Elle expose que fin mai 2022, [H] est devenue elle-même allocataire, en raison d’une déclaration de grossesse, sur laquelle était mentionnée l’adresse de sa mère et non celle de son père ; qu’elle lui a précisé, à sa demande, avoir quitté le domicile de M. [B] [Z] le 23 octobre 2021 ; que ce dernier a donc perdu la part supplémentaire que lui apportait l’enfant à charge dans ses prestations.

Elle soutient que la règle de l’unicité de l’allocataire pour le droit aux prestations familiales n’est écartée, dans le cas des parents dont les enfants sont en résidence alternée, que pour les seules allocations familiales ; qu’ainsi le code de la sécurité sociale ne prévoit pas le partage de la charge des enfants pour le calcul de l’AAH et encore moins de l’ASF, laquelle nécessite la charge d’un enfant de façon isolée ainsi que la défaillance de l’autre parent. La caisse considère que le tribunal a commis une erreur de droit en ce qu’il a considéré que l’AAH pouvait faire l’objet d’un plafond de ressources plus élevé en raison d’une éventuelle garde alternée alors que si l’article D. 821-2 du code de la sécurité sociale, dans sa rédaction issue du décret du 21 décembre 1985, prévoit que les dispositions de l’article L. 521-2 sont applicables à l’allocation aux adultes handicapés, ce renvoi n’inclut pas les dispositions du deuxième alinéa de ce texte, prévoyant le cas de résidence alternée de l’enfant, édictées postérieurement.

Subsidiairement, la caisse fait valoir que rien ne démontre une mise en place effective de la résidence alternée de [H].

Par conclusions remises le 13 février 2025, soutenues oralement, M. [B] [Z] demande à la cour de :

– confirmer le jugement,

– y ajoutant, débouter la caisse de ses demandes et la condamner à lui payer la somme de 2 500 euros sur le fondement de l’article 37 de la loi du 10 juillet 1991.

Il fait valoir que, dans son jugement du 14 avril 2022, le juge des enfants de Rouen relève que si la résidence de [H] est judiciairement fixée chez lui, les parents sont convenus, en accord avec elle, de la mise en ‘uvre d’une résidence alternée effective depuis l’automne 2021 et que [H] n’est devenue à la charge de sa mère que début septembre 2022. Il soutient que la question est de savoir s’il est une personne qui assume, dans quelques conditions que ce soit, la charge effective et permanente de l’enfant pour bénéficier de la majoration du plafond de ressources de l’article D. 821-2 alinéa 2 du code de la sécurité sociale ; que la garde alternée est prévue par le code civil, de sorte qu’un parent qui accueille son enfant dans ce cadre assume bien la charge effective et permanente de celui-ci, par séquences. Il en déduit que cette situation doit être prise en compte pour le calcul des droits à prestations comme l’AAH et que la caisse ne peut invoquer un arrêt rendu par la Cour de cassation concernant l’allocation d’éducation de l’enfant handicapé, qui est une prestation familiale, au contraire de l’AAH.

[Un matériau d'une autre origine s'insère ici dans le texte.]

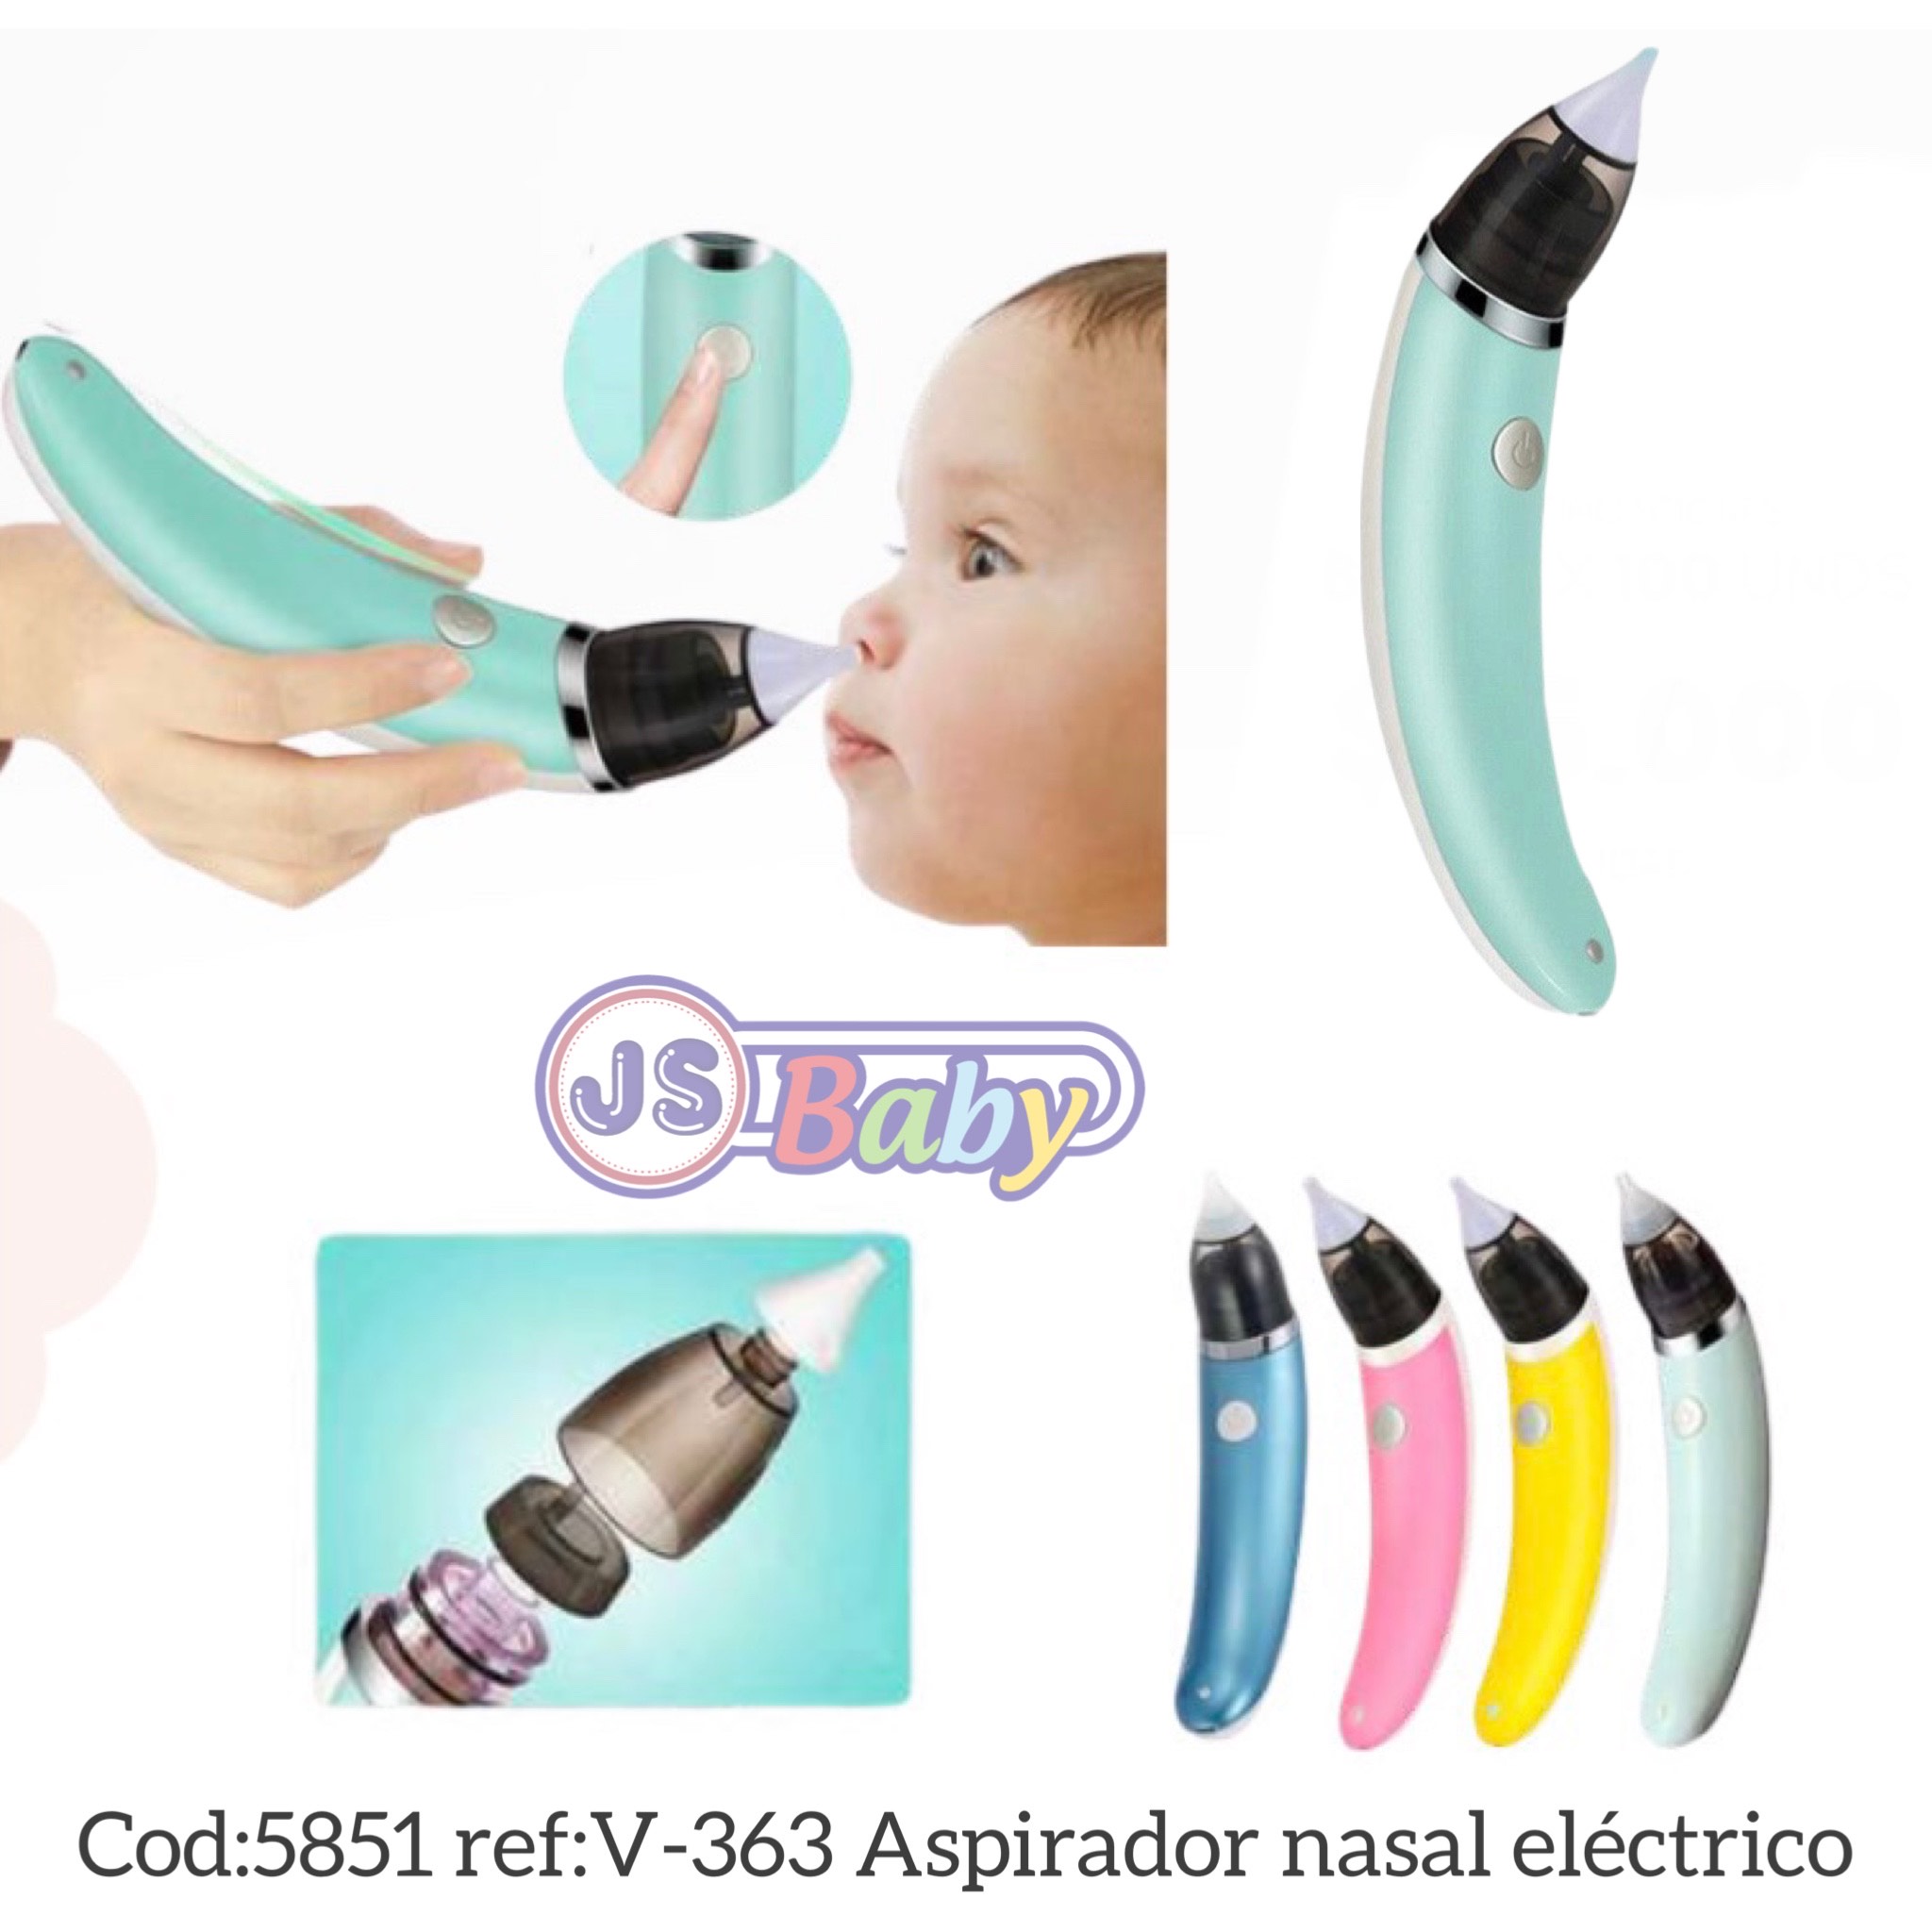 Aspirador Nasal Eléctrico Para Bebés Y Niños ref:V-363 -5851

Il est renvoyé aux conclusions des parties pour l’exposé détaillé de leurs moyens.

PAR CES MOTIFS

La cour, statuant publiquement, par mise à disposition au greffe, contradictoirement, en dernier ressort :

Infirme le jugement du pôle social du tribunal judiciaire de Rouen du 14 mai 2024 :

– en ce qu’il a annulé l’indu d’allocation aux adultes handicapés sur la période de novembre 2021 à mai 2022, notifié à M. [B] [Z] par la caisse d’allocations familiales de Seine maritime par courrier du 10 août 2022,

– s’agissant des dépens ;

Statuant à nouveau de ce chef et y ajoutant :

Condamne M. [B] [Z] à payer à la caisse d’allocations familiales de Seine-Maritime la somme de 2 713,55 euros à titre de solde restant dû du trop-perçu d’AAH du 1er novembre 2021 au 31 juillet 2022 ;

Condamne M. [B] [Z] aux dépens de première instance et d’appel ;

Le déboute de sa demande fondée sur l’article 37 de la loi du 10 juillet 1991 ;

Déboute la caisse d’allocations familiales de Seine-Maritime de sa demande fondée sur l’article 700 du code de procédure civile.